The computational technique presented is very efficient allowing interactive completion of reaction networks of FBA models. Computational techniques based on MILP cannot offer such fast and interactive completion.


Flux Balance Analysis (FBA) is a method for analyzing genome-scale steady-state models of metabolic networks [1, 2]. Constructing an FBA model often requires completing, or gap-filling, the reaction network. This completion is needed when the model does not grow under some specific growth condition (i.e., given sets of nutrients and secretions). Gap-filling is a computational technique to complete a reaction network based on FBA without referring to the genome. Indeed, a complete knowledge of the functionality of the genome provides a complete reaction network and no gap-filling would be needed. Essentially, given a set of candidate reactions, gap-filling suggests to add some of these reactions to the model so that the FBA model grows, but without guaranteeing that the enzymes for the added reactions exist in the organism. This computational approach to complete a network is viable if it is unknown how to complete the reaction network based on the genome.
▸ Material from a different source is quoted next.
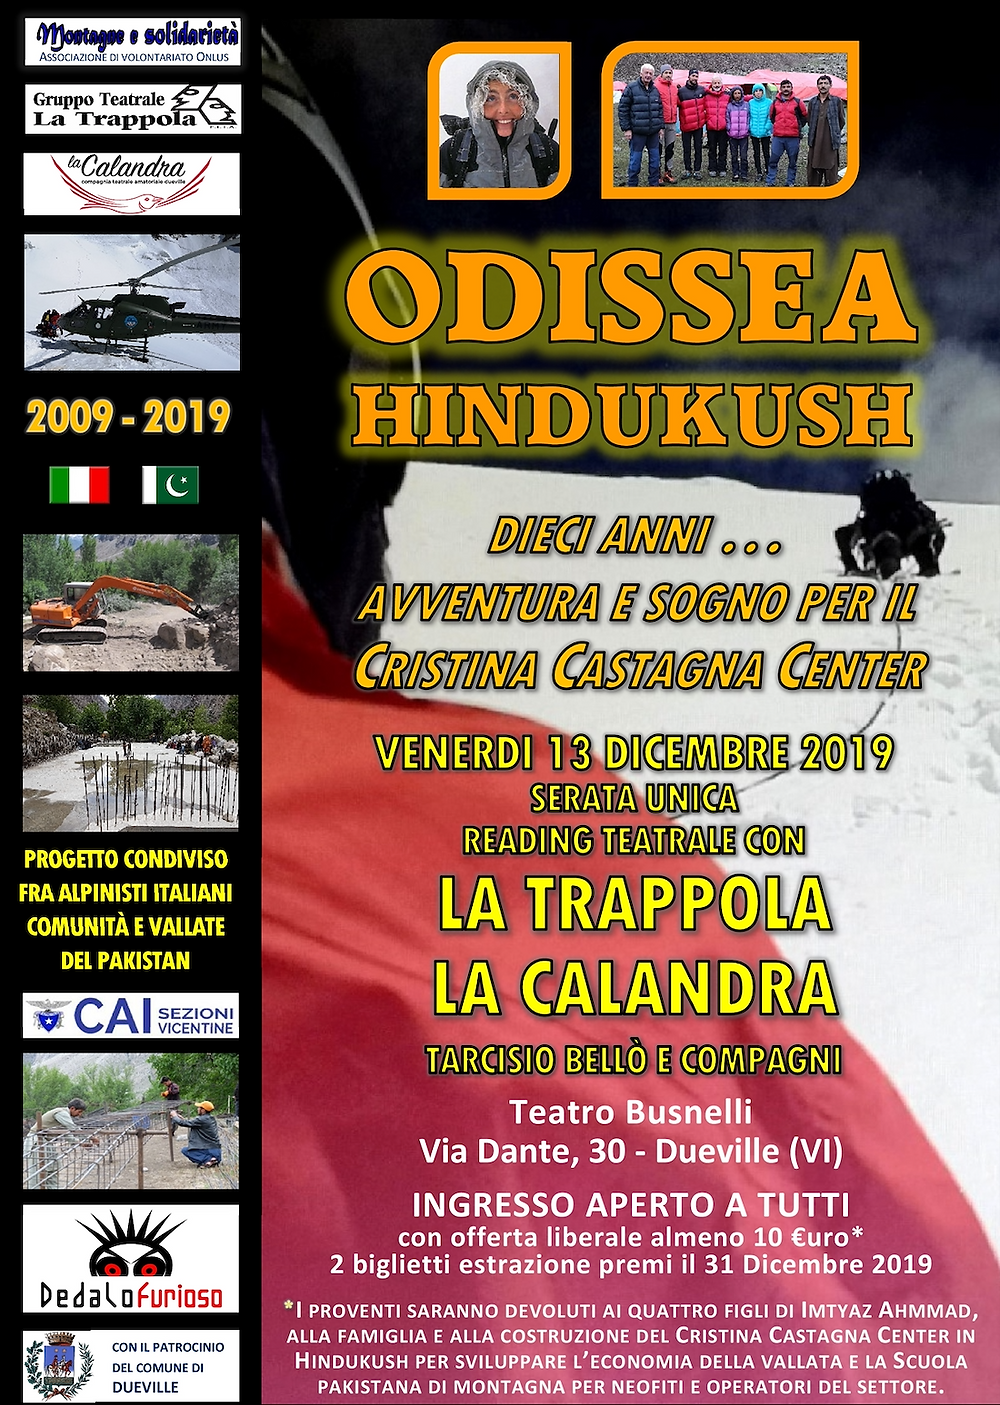 ODISSEA HINDUKUSH
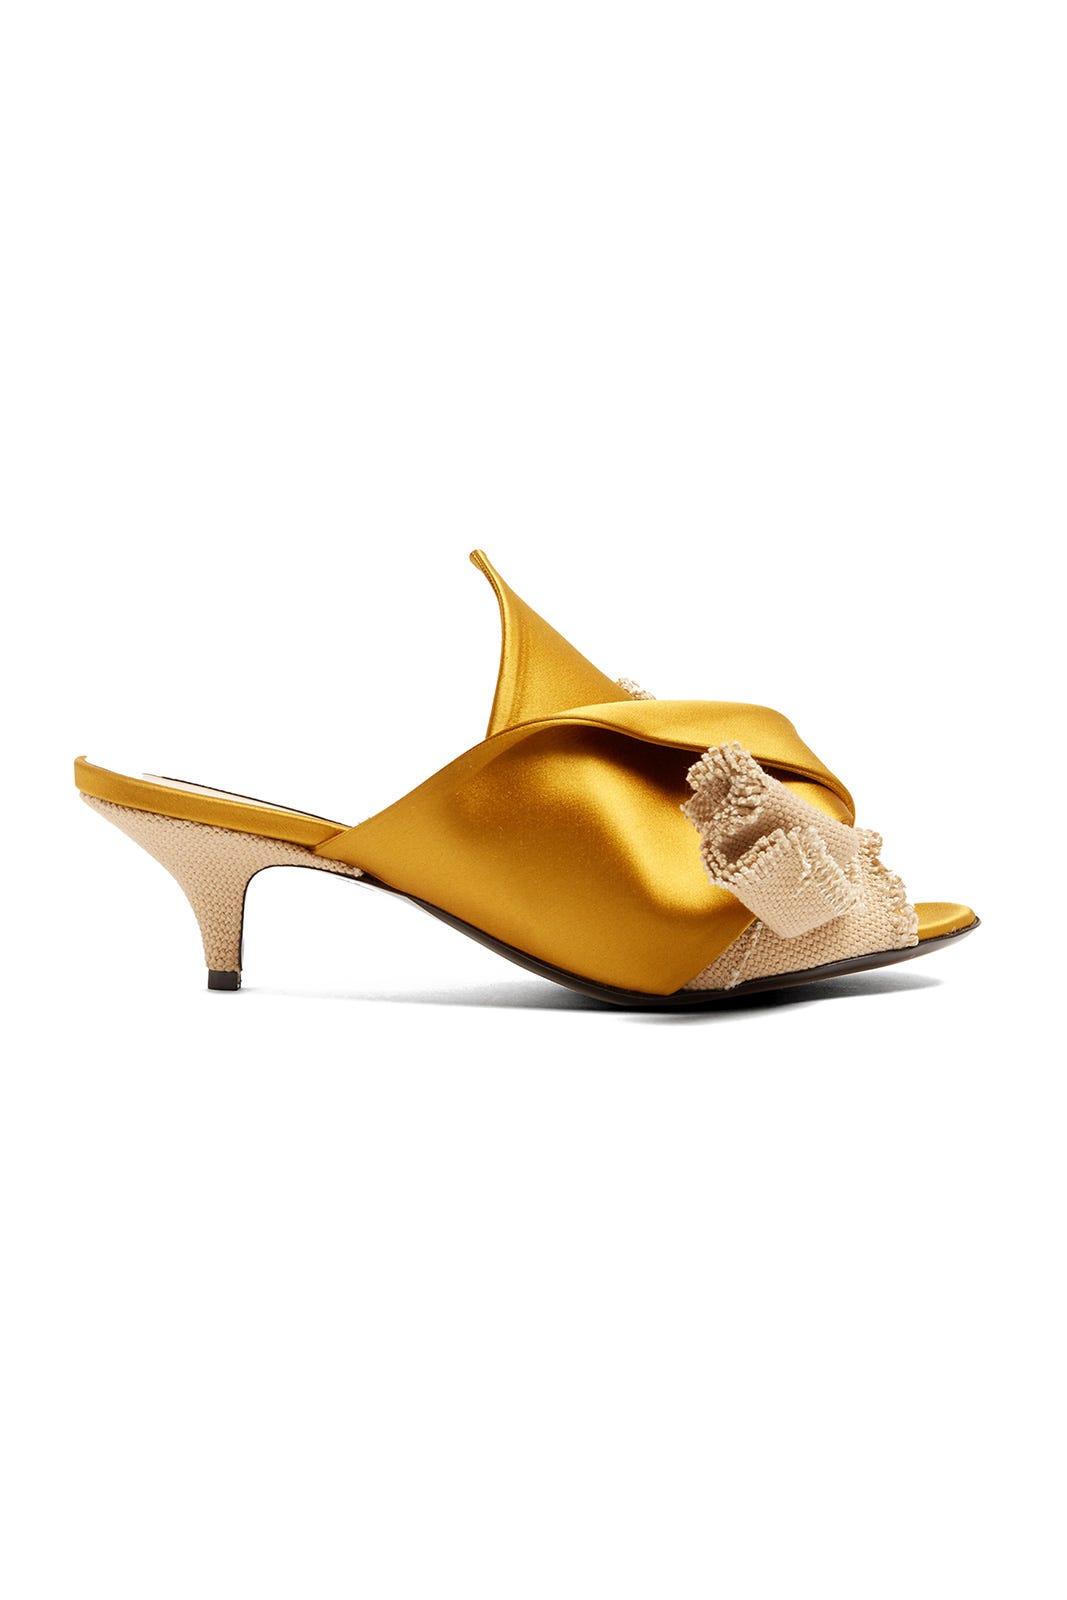 32e710bd8a8 2017 Shoe Trends - Kitten Heels

To the best of our knowledge, all the current approaches to gap-fill [28] use Mixed-Integer Linear Programming (MILP) and compute a minimum set of reactions to add. But, searching for a minimum set of reactions using MILP is computationally expensive if the set of candidate reactions is large. For example, the MetaCyc [9] database contains more than 12,000 reactions. With such a set of candidate reactions, and searching for a minimum set of reactions, MILP typically takes from several minutes to hours, because the number of integer variables increases proportionally to the number of candidate reactions. Frequently, more than an hour is needed for optimally solving such MILPs. Section “Results” presents such concrete cases.

For another example, [8] reports that GapFind with GapFill took about 14 hours when gap-filling a specific FBA model of C. neoformans. GapFind/GapFill uses MILP to find metabolites that cannot be produced and gap-fill the network of reactions of the model to produce them.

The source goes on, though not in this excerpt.